After fixing in 4% paraformaldehyde for 24 h, the uterus was embedded in paraffin. Paraffin-embedded blocks were sectioned, dewaxed, and rehydrated. The slices were then stained with haematoxylin and eosin (HE) (Servicebio, China). Morphological changes in the endometrium and endometrial thickness were observed and analyzed using the Image-Pro Plus software (version 6.0). The number of glands was counted according to five randomly selected high-power fields of each slice.

Masson staining

The paraffin-embedded uterus slices were stained with the Masson staining kit (Servicebio, China) according to the instructions. Briefly, the slices were treated with Masson A, the mixed solution Masson B and Masson C, Masson D, Masson E and Masson F solution in sequence. Finally, all of the sections were differentiated in 1% acetic acid. Endometrial fibrosis was assessed according to five random fields on each slide, and the endometrial fibrotic area ratios were evaluated using the Image-Pro Plus software.

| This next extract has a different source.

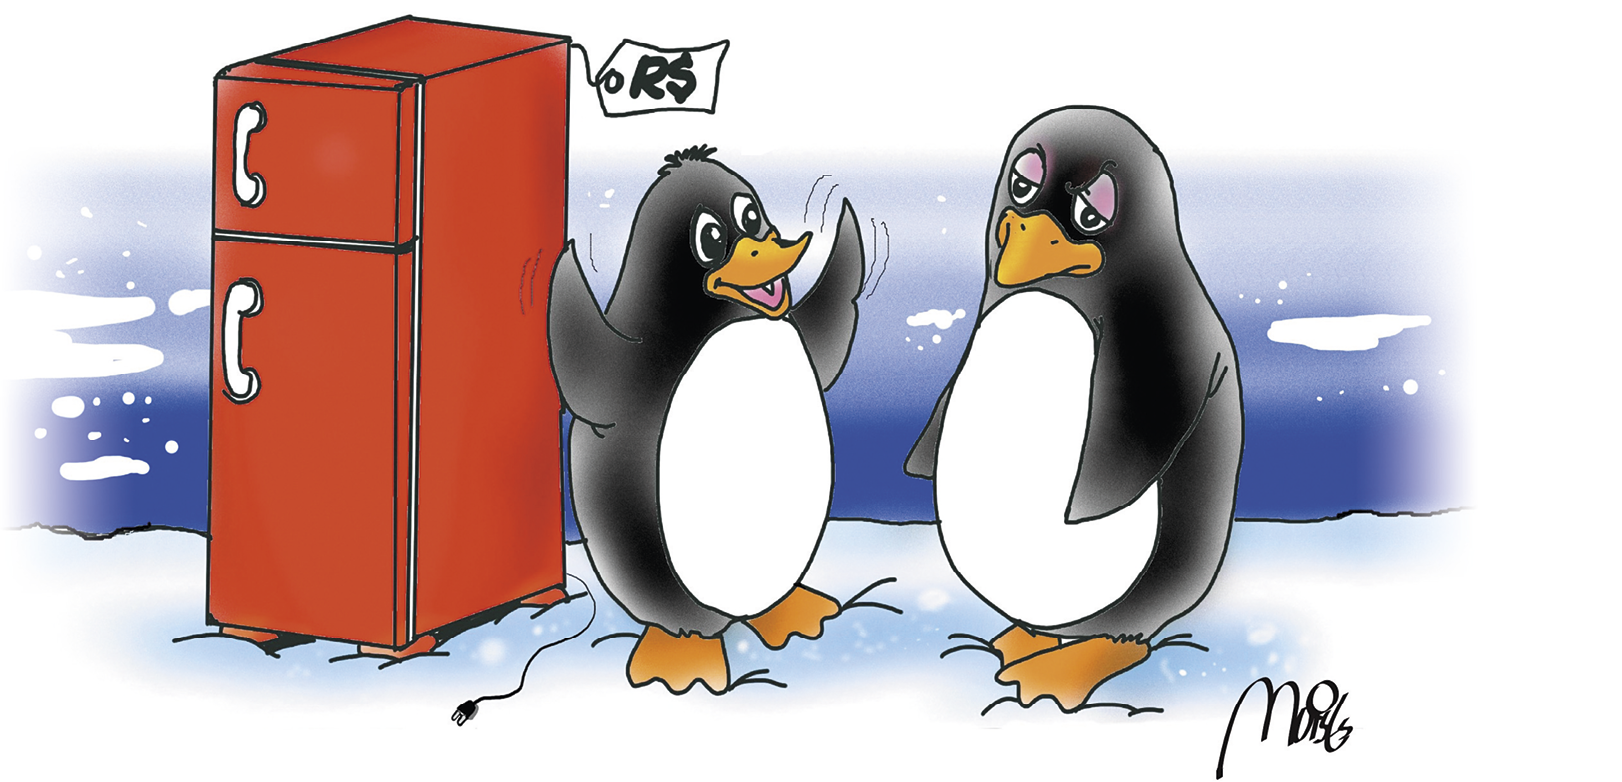 Charge. À esquerda, uma geladeira vermelha com etiqueta na qual está escrito: R$. Ao lado direito, dois pinguins de cor preta e barriga branca. O pinguim da esquerda sorri para o pinguim da direita, que apresenta um olhar triste, a cabeça baixa e a boca fechada.

Quantitative reverse transcription-polymerase chain reaction

Total RNA was extracted from endometrial tissue, and cDNA was synthesized using the Hifair® II 1st Strand cDNA Synthesis Kit (Yeasen, Shanghai, China). cDNA samples were then amplified with quantitative reverse-transcription polymerase chain reaction (qRT-PCR), using the Hieff® qPCR SYBR® Green Master Mix (No Rox) kit (Yeasen, Shanghai, China) according to manufacturer’s instructions, to detect the mRNA expression of VEGF, oestrogen receptor (ER), transforming growth factor (TGF-β), matrix metalloproteinase-9 (MMP-9), leukaemia inhibitory factor (LIF), and heparin-binding epidermal growth factor (HB-EGF). The primer sequences used in this experiment are listed in Table 2. The following conditions were used for amplification: denaturation at 95 °C for 9 min, followed by 38 cycles at 94 °C for 45 s, 57 °C for 45 s, and 72 °C for 45 s, and a final extension at 72 °C for 7 min. The 2-ΔΔCt method was used to transform the CT values into relative normalized expression levels. ΔCT was calculated using the CT target gene-CT housekeeping gene, and GAPDH was used as the housekeeping gene.

Table 2.

The detailed information about the primers.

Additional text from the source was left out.